Él sacudió la cabeza, con la mirada perdida. Para uno de sus artículos periodísticos sobre el valor de la felicidad, había entrevistado a personas mayores que habían intentado suicidarse. «¿Qué nos queda?», le decían. Entonces, Lewis había sido incapaz de comprender aquella falta absoluta de esperanza. En aquella época no podía imaginar que el mundo pudiera volverse tan amargo que no se fuera capaz de ver una solución.

—No podemos hacer nada —repuso Lewis, y lo decía convencido. Miró a un agente que salía con un montón de cómics viejos de Peter.

Cuando llegó a casa se encontró a Lacy paseando de un lado a otro del camino de entrada. Al verlo, ella se le había arrojado a los brazos.

—¿Por qué? —le había dicho entre sollozos—. ¿Por qué?

Había miles de preguntas encerradas en aquel simple por qué, pero Lewis no hubiera podido responder a una sola de ellas. Se había agarrado a su esposa como si ésta fuera una madera a la deriva en medio de la riada, hasta que había advertido los ojos escrutadores de un vecino al otro lado de la calle, que les observaban desde detrás de una cortina.

Por eso se habían ido al patio de atrás. Se sentaron en el balancín del porche, rodeados por las ramas desnudas y la nieve que se derretía. Lewis permanecía en completa quietud, con los dedos y los labios insensibles por el frío y la conmoción.

—¿Crees que tenemos la culpa? —preguntó Lacy en un susurro.

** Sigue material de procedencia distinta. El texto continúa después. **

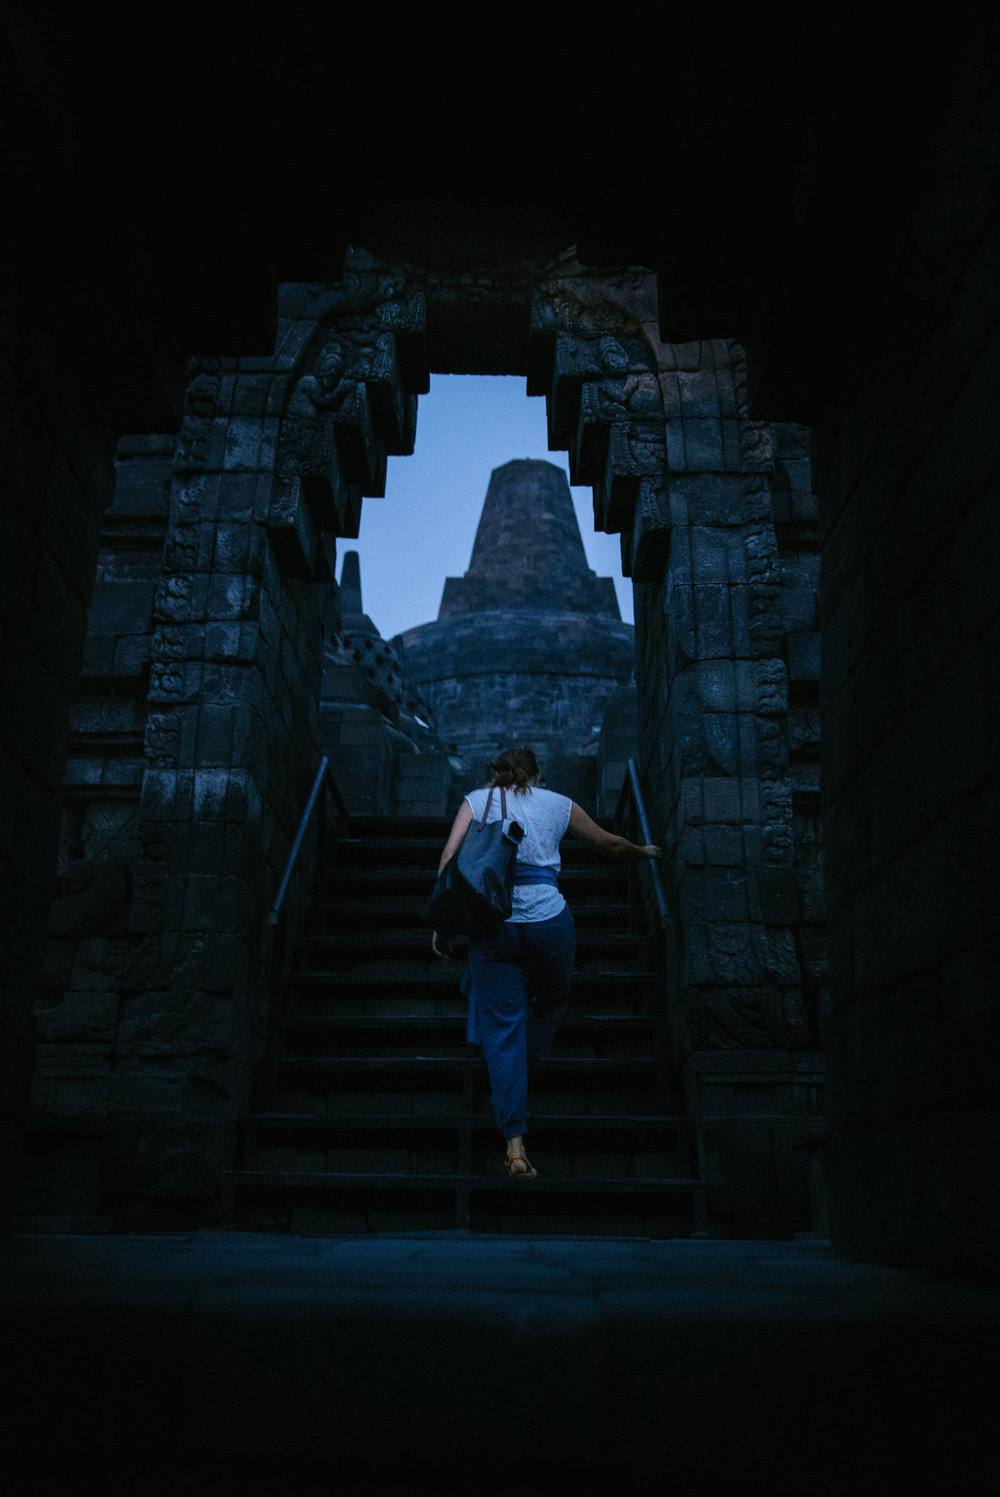 BOROBUDUR: ascending the steps.
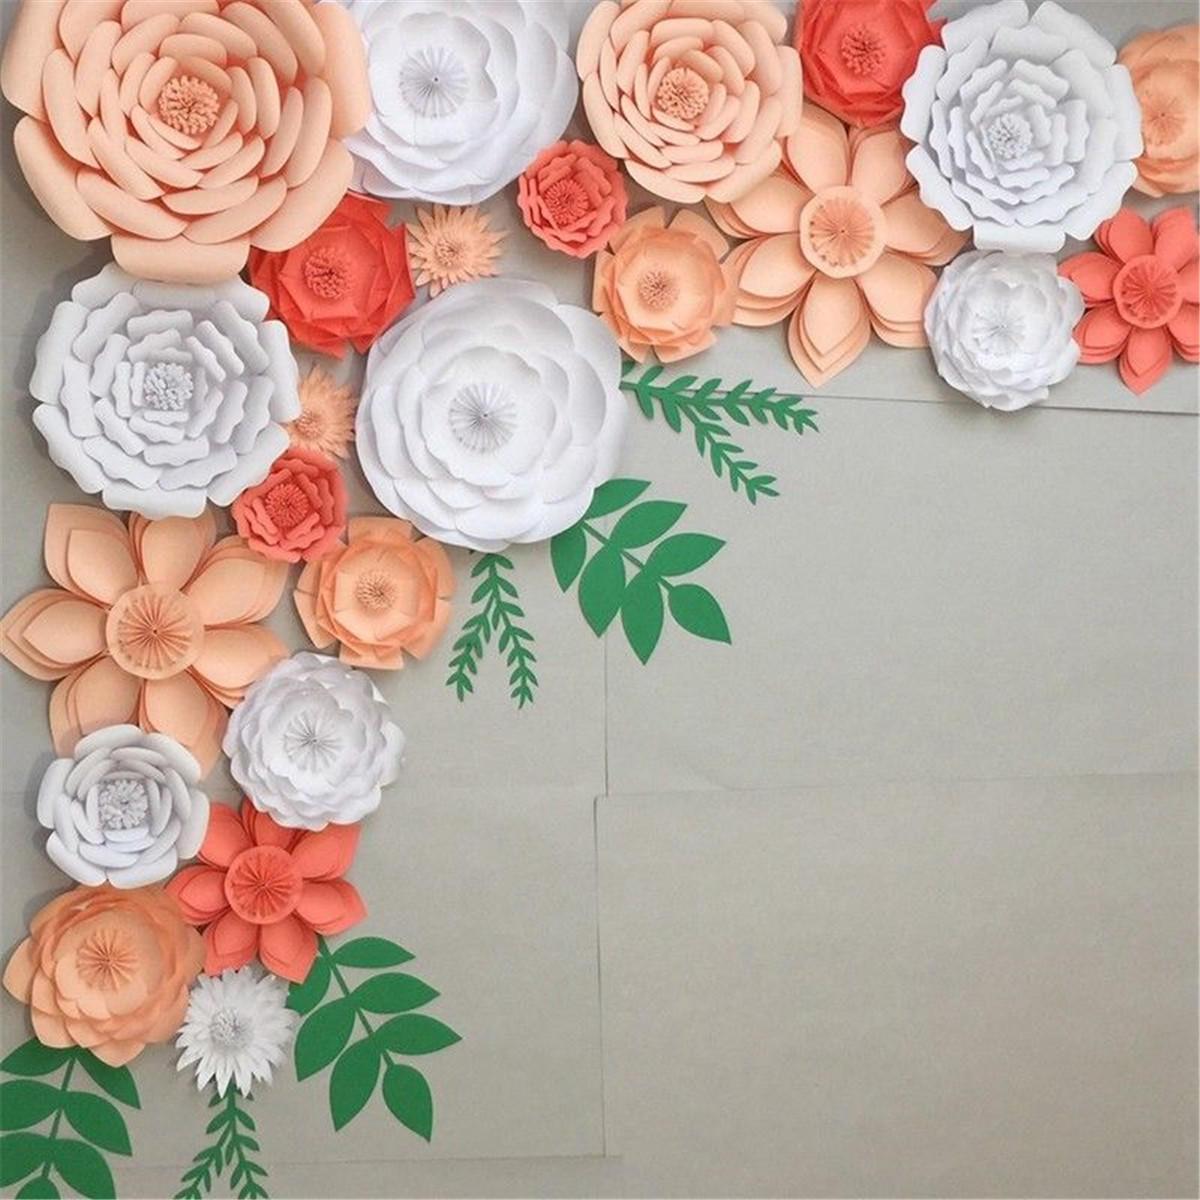 30cm diy paper flowers leaves backdrop decorations kid birthday rh banggood com

Él se quedó mirándola con fijeza, sorprendido por su valentía: acababa de expresar con palabras aquello que él ni siquiera se había atrevido a pensar. Pero nada de lo que dijesen les serviría: los disparos habían sido reales, y su hijo era quien había apretado el gatillo. No podían contradecir los hechos, como mucho podían observarlos desde un prisma diferente.

Lewis agachó la cabeza.

—No lo sé.

¿Por dónde comenzar a revisar aquellas estadísticas? ¿Había sucedido porque Lacy había tenido demasiado a Peter en brazos cuando era pequeño? ¿O porque Lewis fingía reírse cuando Peter se caía, con la esperanza de que el pequeño que daba sus primeros pasos viera que caerse no tenía importancia? ¿Tenían que haber vigilado más de cerca lo que leía, lo que veía, lo que escuchaba? ¿O con ello sólo habrían conseguido asfixiarlo y abocarlo a un resultado similar? ¿O quizá todo era culpa de la combinación de Lacy y Lewis, del hecho de haberse unido ellos dos? Si los hijos de una pareja era lo que contaba a la hora de evaluar su historial, entonces ellos habían fracasado lamentablemente.